The building he took us too was nondescript. A small sign hung over the dark doorway- which I cannot recall the wording of. Four gentlemen were in front of us. The one in front knocked on the door which was opened by a well dressed tall gentleman.

“Can I help you?” He asked.

“We want to go to the library,” they answered.

“What’s the password?” He asked. I strained my ears in hopes of over hearing. I was worried about what I was going to find inside- if I made it- but I was more disconcerted at being outside. I failed to catch it.

“Are you all, together?” he inquired as the four men entered.

“Yes,” I lied as we quickly followed

It looked like a small and quite ordinary bar- and I felt that I had been duped. However we were led to the end of the room and to a wall set between two booths where people were enjoying contacts. Suddenly the wall opened. We were ushered inside and the door closed behind us. As it clicked shut I attempted to open it- I could not.

At this point adrenaline was pumping through my veins and I felt like I was experiencing one of my own stories. It was both disconcerting and thrilling. I studied the room which was dimly lit by old fashioned chandeliers with keen interest. The walls were covered in red velvet wall paper and the ceiling was imbedded brass plating. Sarah told me it reminded her of a scene from The Shining, when Jack was drinking at the bar…to me it felt more Victorian. The music being pumped into the small room was evidently from the 1920’s and crackled accordingly. The most striking thing was the clientele themselves. They all looked to have money, were all dressed to the hilt, and their ages ranged from those who had just reached drinking age to folks in their sixties. This was in striking contrast to the location, but I felt it reassuring. It took twenty minutes to get Sarah and me up to the bar. Behind it two bartenders crafted cocktails at their own speed. One caught my wife’s eye she ordered two specialty cocktails and a maker’s Mark. The barkeep then took two more folks orders. Then he told us all to say quiet as he dictated the drinks back to us. There were about twelve drinks in all. Then we watched in awe as he skillfully made the various libation concoctions. Shakers were shook, martini glasses were chilled, lime was scorched, and an array or drinks were poured. Then he poured a generous measure of Maker’s Mark into a glass and handed it me. As I paid for the drinks I realized why only people who appeared well to do were there. As I sipped my bourbon my mood once more heightened. I discovered that there was nothing illegitimate about the place at all- in fact quite the contrary. It is simply a nifty attempt at trying to recreate the atmosphere from the bygone era of prohibition. For pictures and more details click on the link.

http://www.bourbonandbranch.com/?caseid=main

It also turned out that we were not as trapped as I initially thought. That there was a fire door that led to the street.
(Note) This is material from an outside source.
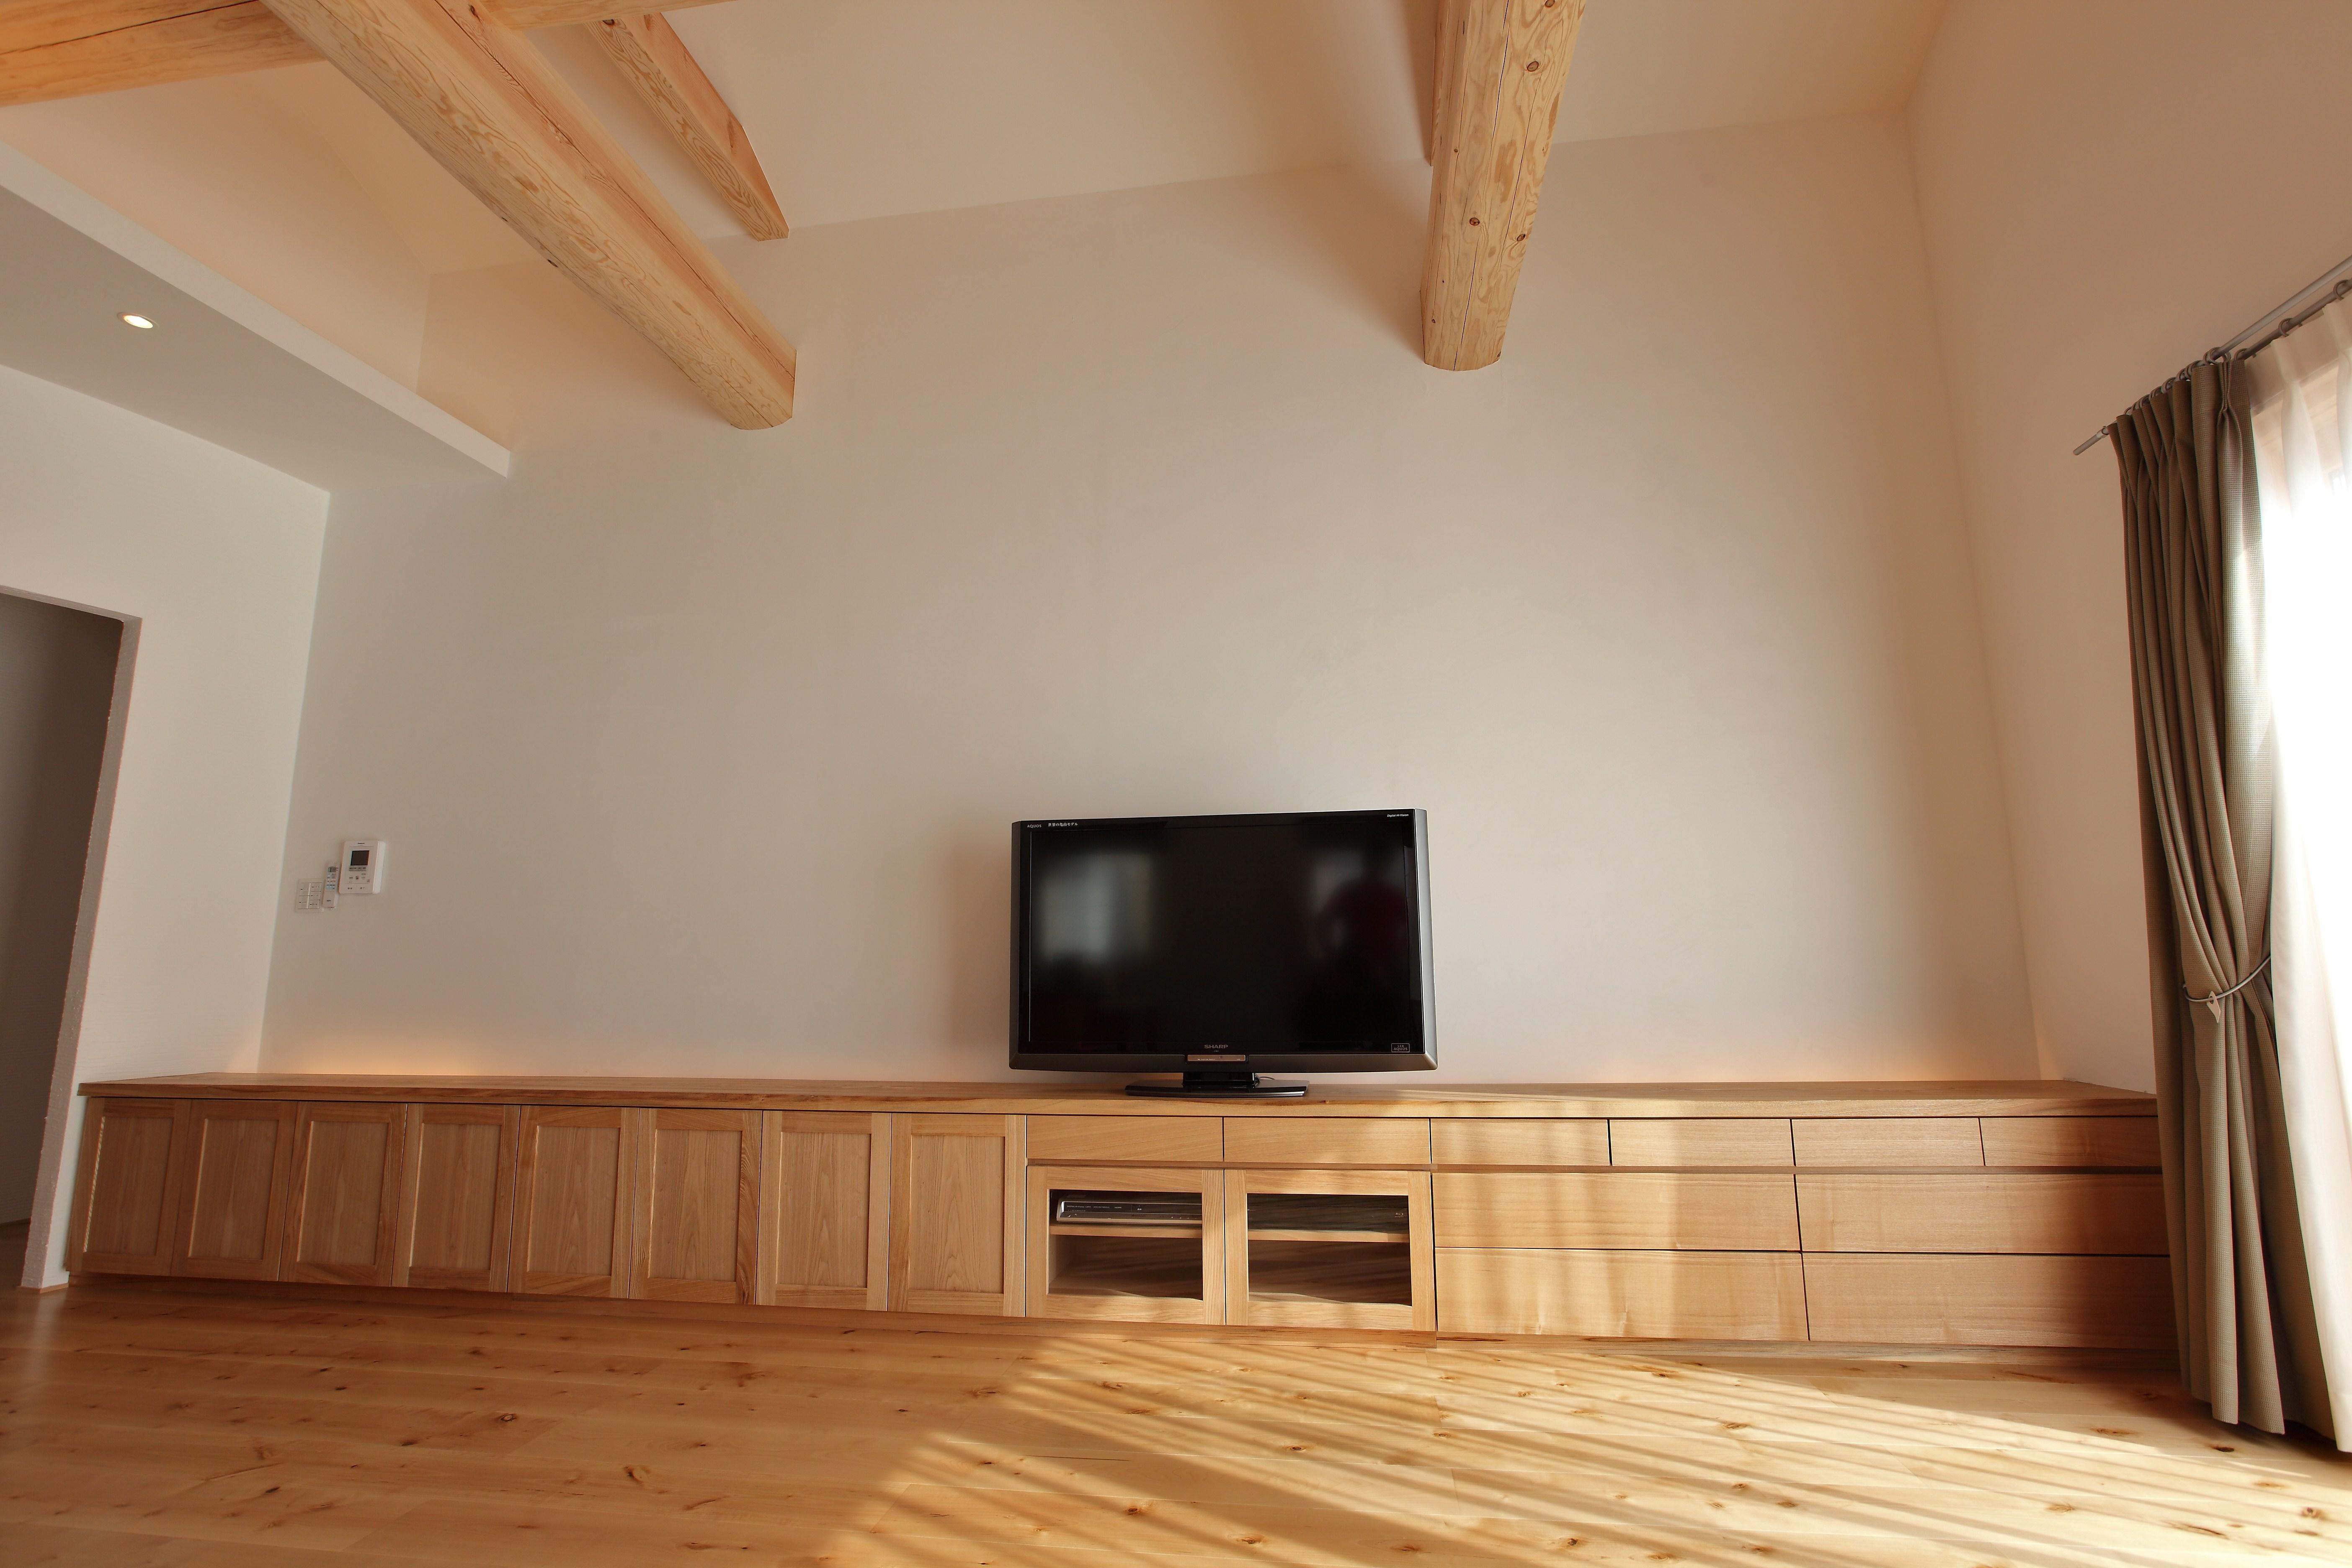 マルチメディアボード AVボード タモ 大阪 オーダー家具 一枚板 無垢材 タモ無垢材AVボード

At around midnight we decided that we should leave- and headed back into the street; which at this point seemed significantly less seedy. We knew that finding a taxi was not going to happen and readied ourselves for the long trek back to the hotel. It turned out that we did not have to walk far. The hotel was just a block away.

We bid a good night to Bob- and thanked him heartily for his hospitality.

The night ended quite fittingly. Sarah and I sat on the balcony and sipped on a brandy. Although neither of us smoke- I felt that if we had cigars it would have been fitting to have a few puffs as we sat there reminiscing over the curious day that had just unfolded, in a Boston Legal Crane- Shore moment. For the events that had happened to us had stretched the limits of believe just as episodes of the show used to.